Он обнимает меня и хлопает по спине тяжелой крестьянской лапищей. Я ложусь на землю. Она пахнет хвоей – сухая, теплая земля, прогретая добрым весенним солнцем. Ночью она особенно сильно пахуча. Я ползу по теплой пахучей земле и слышу, как провожатый уезжает на велосипеде по тропинке, насвистывая что-то бравурное. Через минуту его голос исчезает, и я остаюсь совсем один в лесу. Все. Подсказки кончились, надо снова идти одному, как в первом побеге. Очень это неприятное дело – оказаться одному после того, как целый год провел среди товарищей по борьбе. Просто неприятней быть не может…
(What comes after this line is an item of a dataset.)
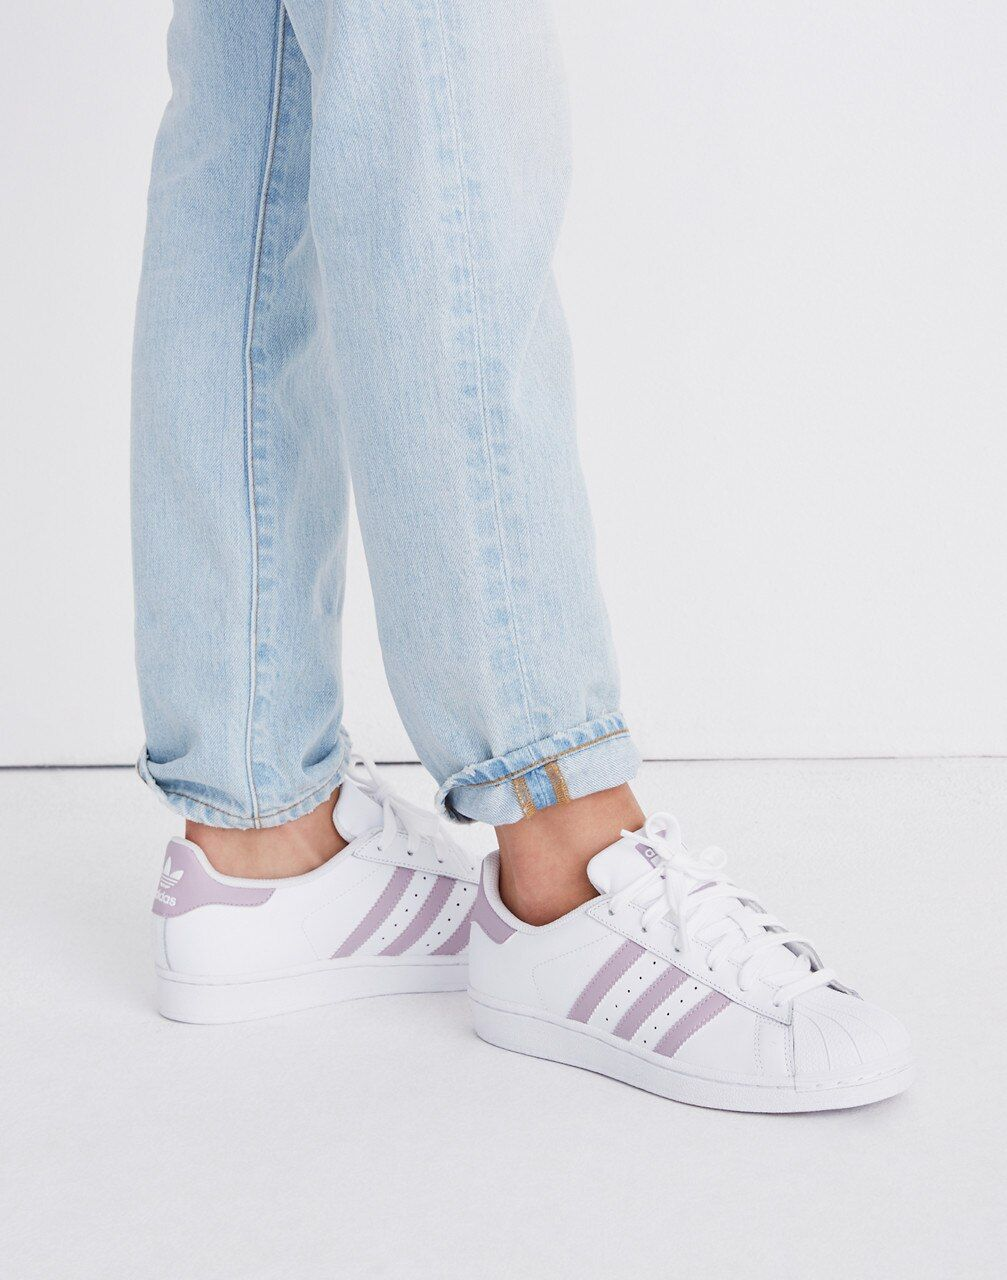 Adidas Originals Superstar Purple | Etsy
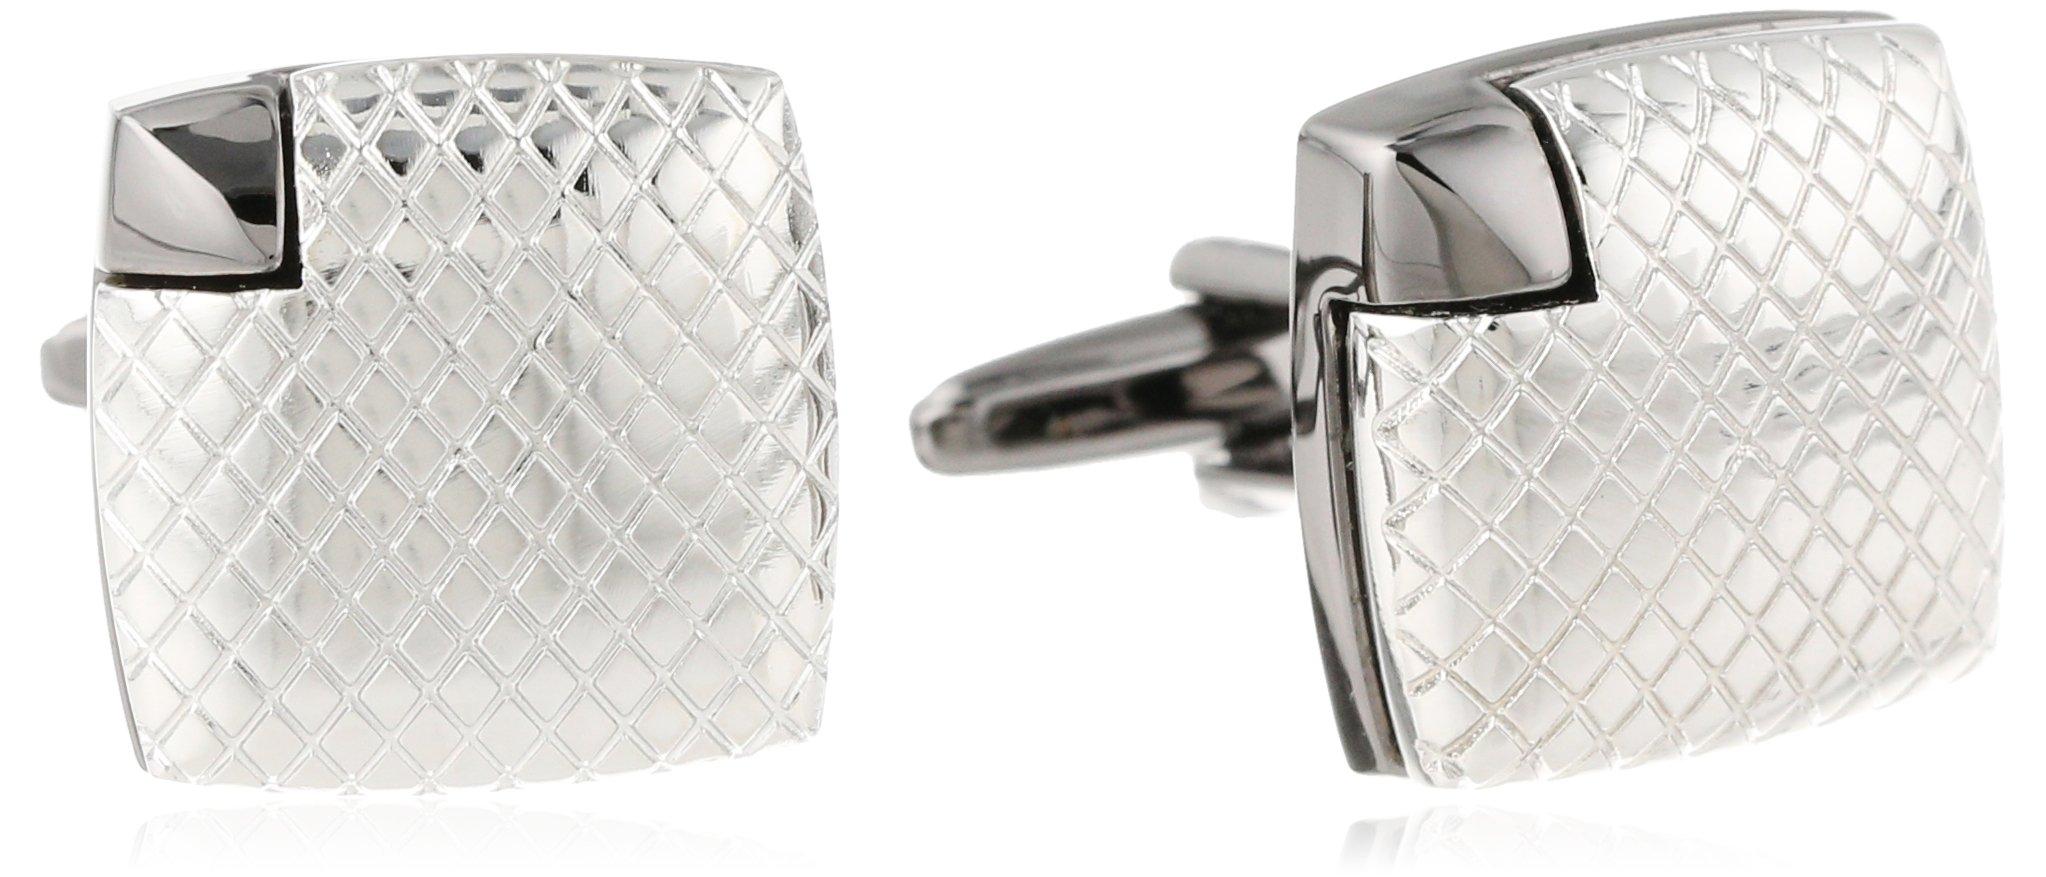 Stacy Adams Men's Cuff Link With Hematite Corner, Silver, One Size

Часовые здесь не ходят. Границу освещают прожекторами, а пограничники – это в основном старые или очень больные солдаты – сидят на вышках и просматривают свои участки. Граница здесь символична. Какая, к черту, граница, когда Бельгия оккупирована! Но – порядок! Раз есть граница, ее обязан кто-нибудь охранять. Вот и охраняют инвалиды. Догнать-то они меня, конечно, не догонят, а вот пулю в затылок вогнать могут. Так что осторожность и еще раз осторожность. Я замираю в кустарнике. Лежу и думаю о Генрихе. Как-то он там? Мы получили указание разделиться: он уходит по подложным документам в армию – на Восточный фронт. А меня решили перебросить в их самый глубокий тыл – через Бельгию – на юг Франции. Говорят, этот тыл может скоро стать фронтом. Значит, тогда я все сообщу о нашем лагерном подполье союзникам… Стоп! Я обрываю себя – прожектор выключен. Медленно, с равными интервалами, считаю. Проводник говорил, что надо отсчитать «двадцать два» – только на счете «двадцать три» они зажгут прожектор снова. У меня вышло семнадцать. Хотя, мы не сверялись с проводником синхронно. Так что, может быть, его двадцать два равны моим семнадцати. Неплохая исходная коллизия для математической задачи, черт ее дери вместе с физикой и химией, а равно и с химичкой Марией Павловной вместе взятыми. Очень я не любил нашу химичку. Впрочем, как и она меня.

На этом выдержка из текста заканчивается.